At my company (large insurance org), the rule of thumb is that it takes 1 month to get a non-emergency change thru all of the change control committees. 1 month. There is this notion that somehow quality is enhanced as more and more people -- who do not have the slightest idea of what the change is about -- review the change for approval. I don't see the benefit.

re: To Break The IT Bottleneck, Stop Covering Your You-Know-What

I wasn't thinking of layoffs so much as IT process becoming more streamlined thanks to factors like virtualization and public cloud services. While you might have needed weeks and 3 signatures to spin up a new test environment in the past, you may need only hours and one signature now. That helps IT get to yes faster for people on the business side. A month for non-emergency change? Yikes. Must create friction when the business side is in a rush.

re: To Break The IT Bottleneck, Stop Covering Your You-Know-What

It's brutal. IT imposes this 1 month process onto itself. Then IT wonders why things take so long to develop and make production. DUH.

re: To Break The IT Bottleneck, Stop Covering Your You-Know-What

Govt apparently isn't alone in strangling IT in red tape

re: To Break The IT Bottleneck, Stop Covering Your You-Know-What

What this article does not take into account is that the CYA is usually done because top level management does have the balls to say that IT is correct in what it's doing. A culture shift cannot happen from IT, but must happen from the top down.

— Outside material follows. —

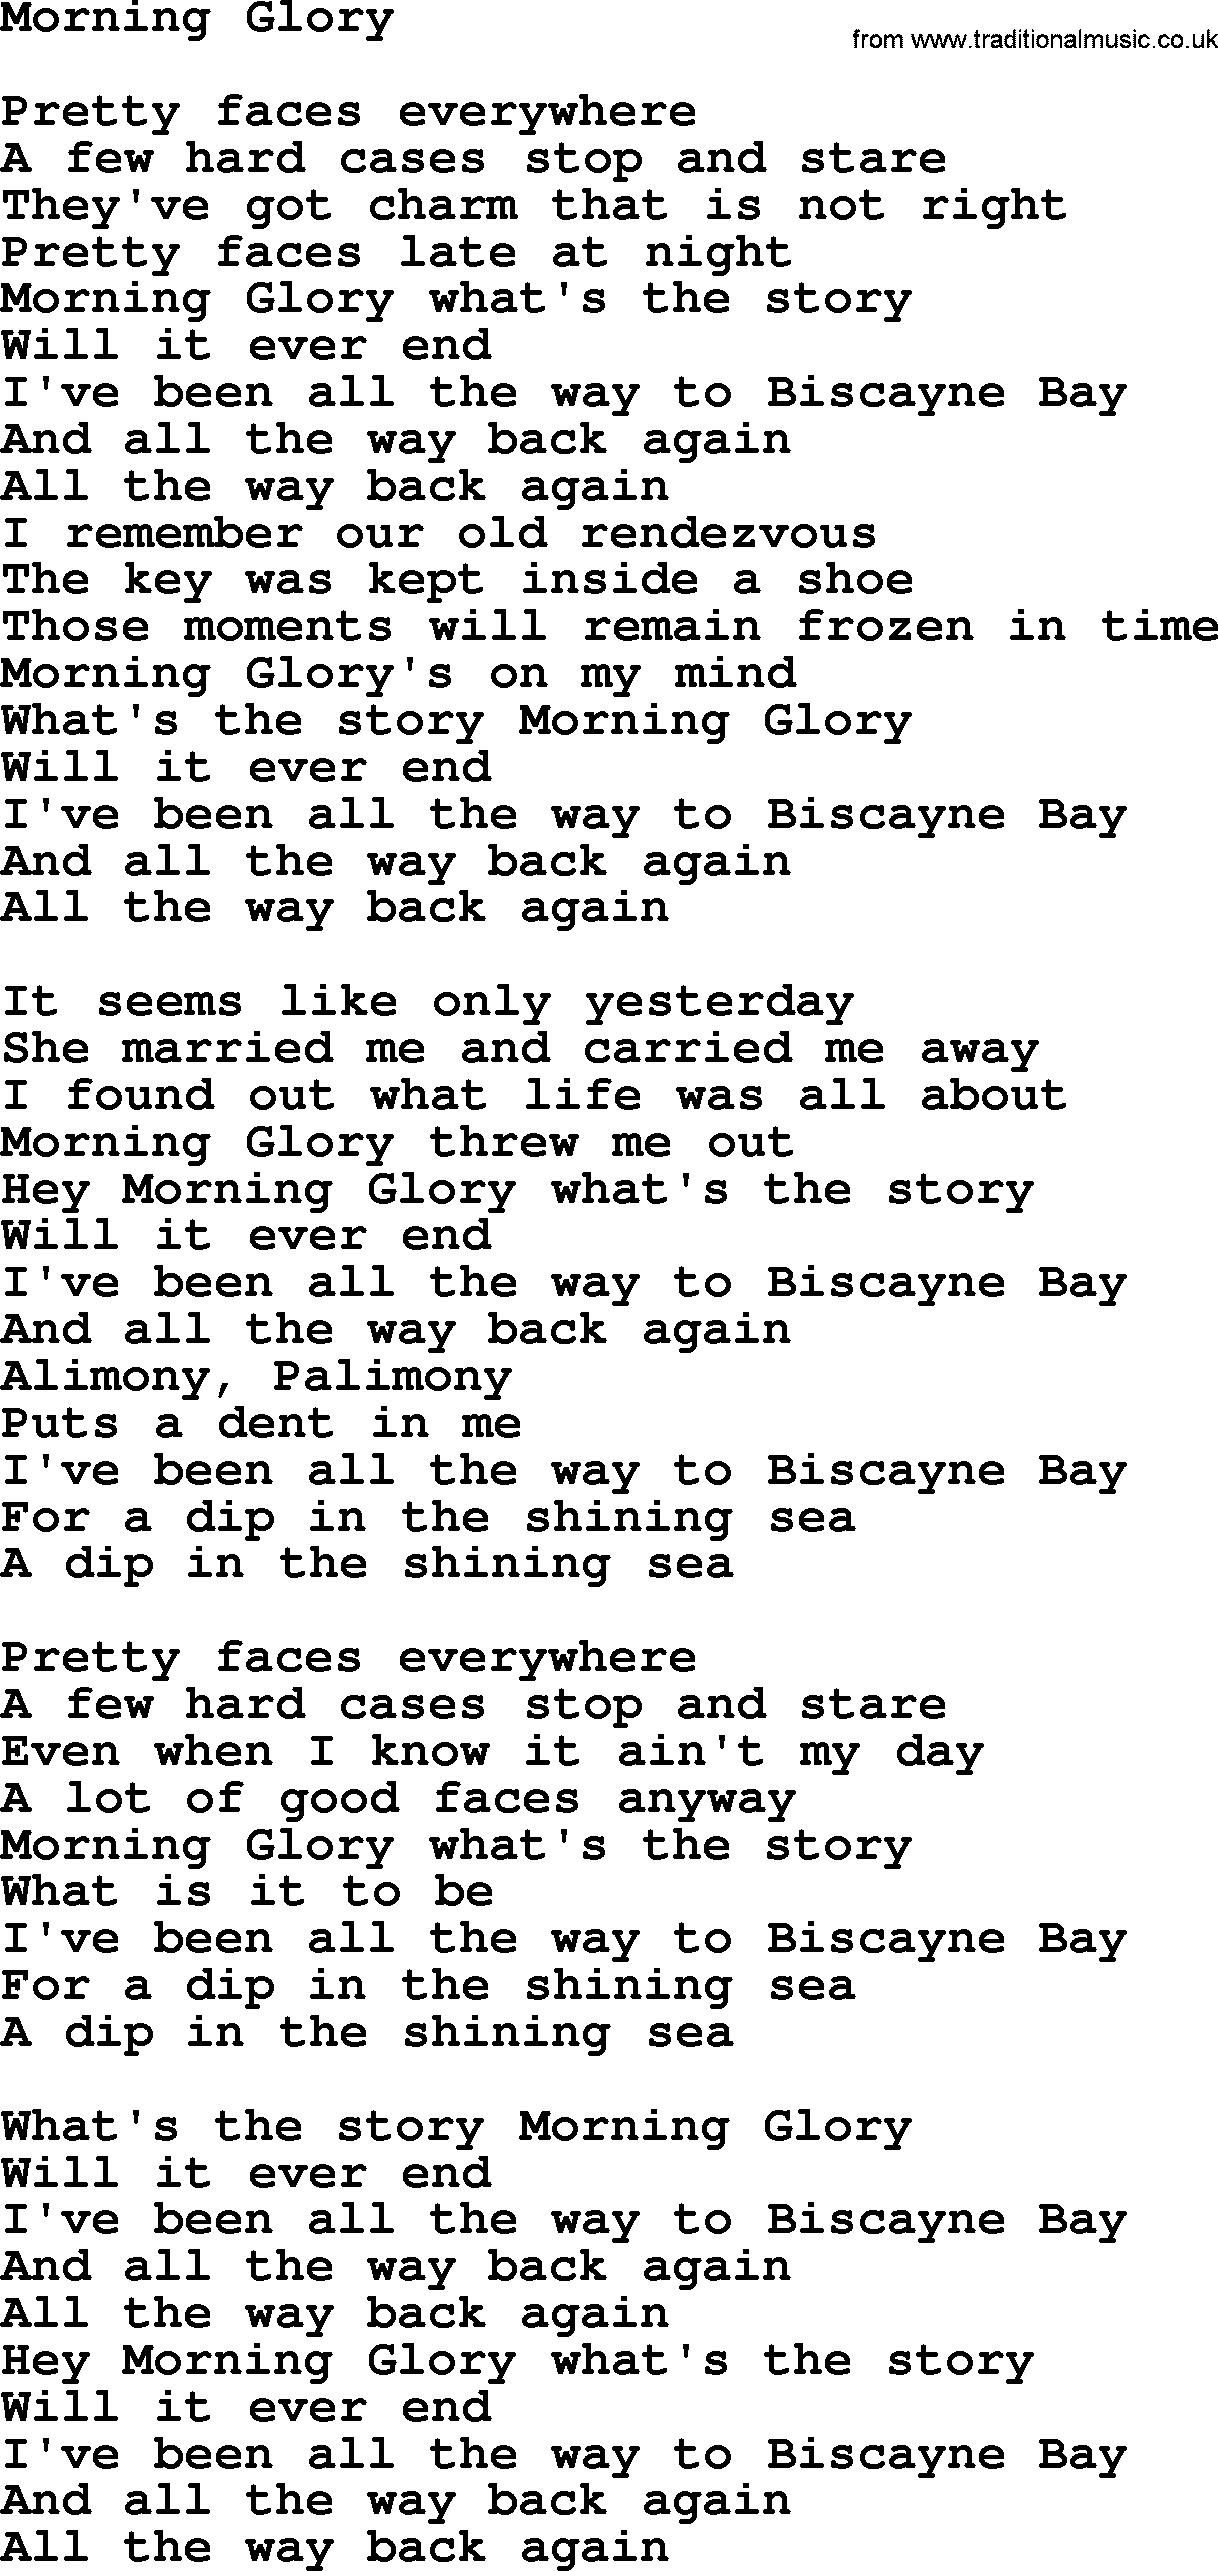 Gordon Lightfoot song Morning Glory, lyrics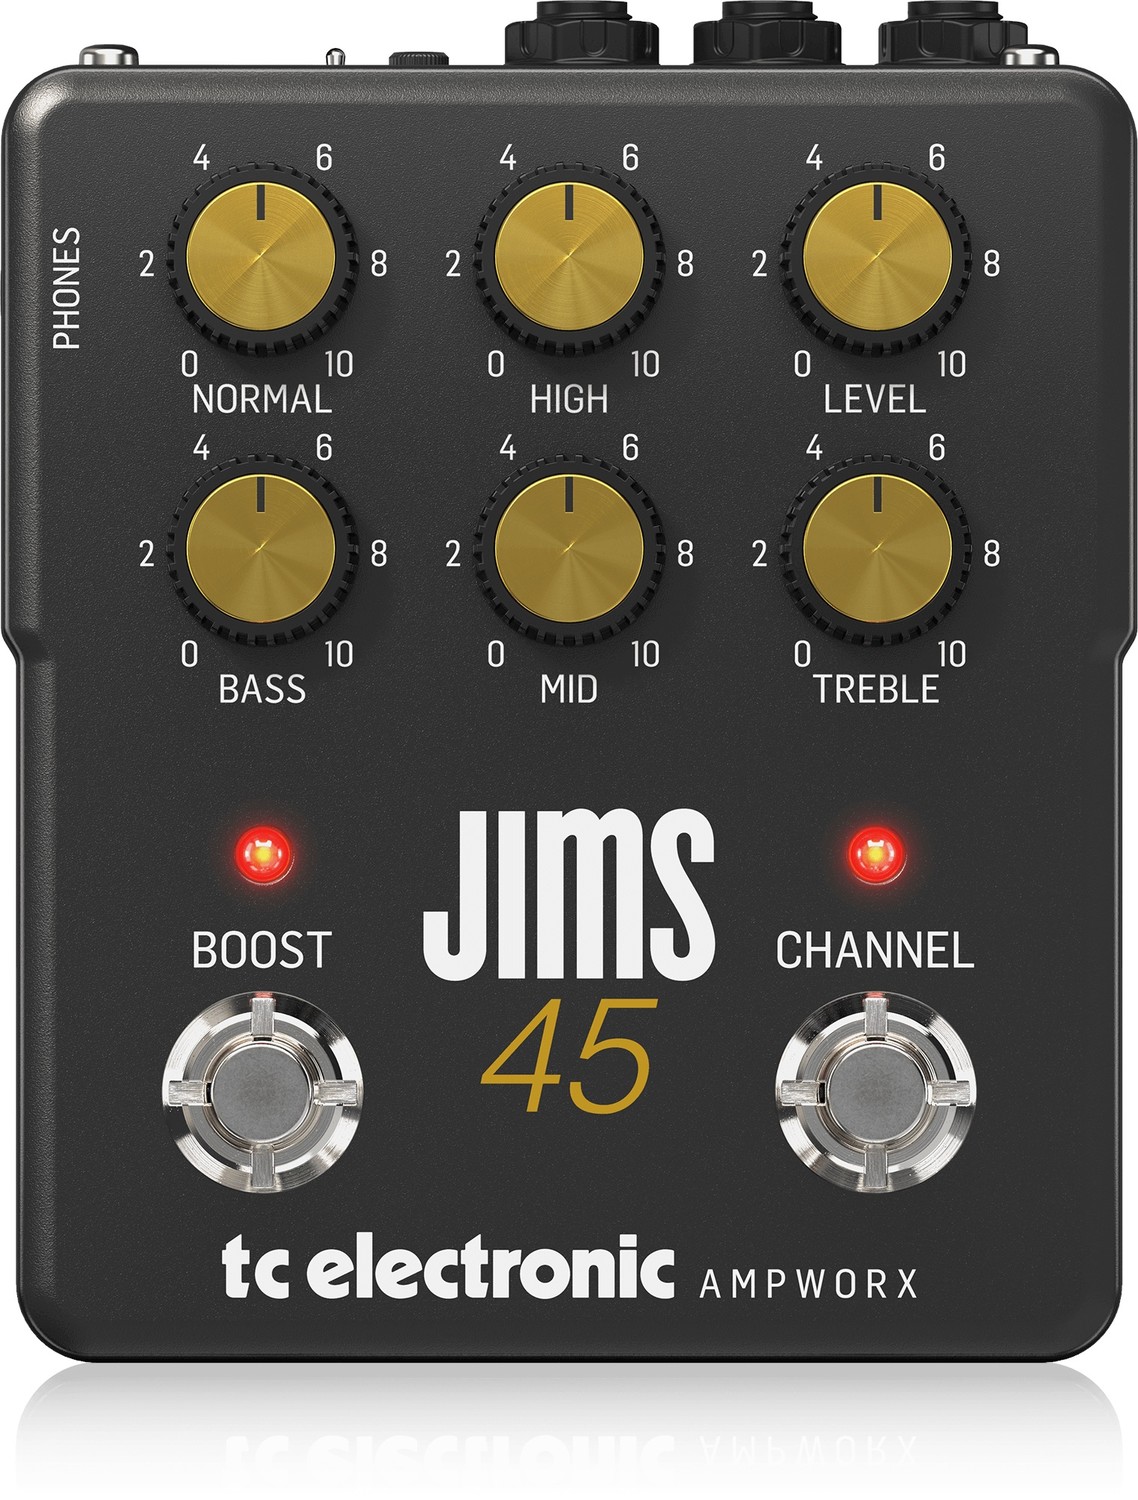 tc electronic JIMS 45 Preamp

re: To Break The IT Bottleneck, Stop Covering Your You-Know-What

CYA has a different meaning when considering application deployments/launches vs. changes to infrastructure. It's not hard to replace physical signatures on a piece of paper with clicks in a central approval app, or collaboration tool, so that deployments can be green-lit faster. But no one wants to be the one to say, after an incident for application A, "yes, I was making a change in the infrastructure. Didn't you know that?" After enough instances where the right hand does not know what the left hand is doing, and the business complains, you will end up with lots of CYA notifications for upcoming changes so that no one is surprised. Automation may not help that, unless it helps predict the "knock-on effects".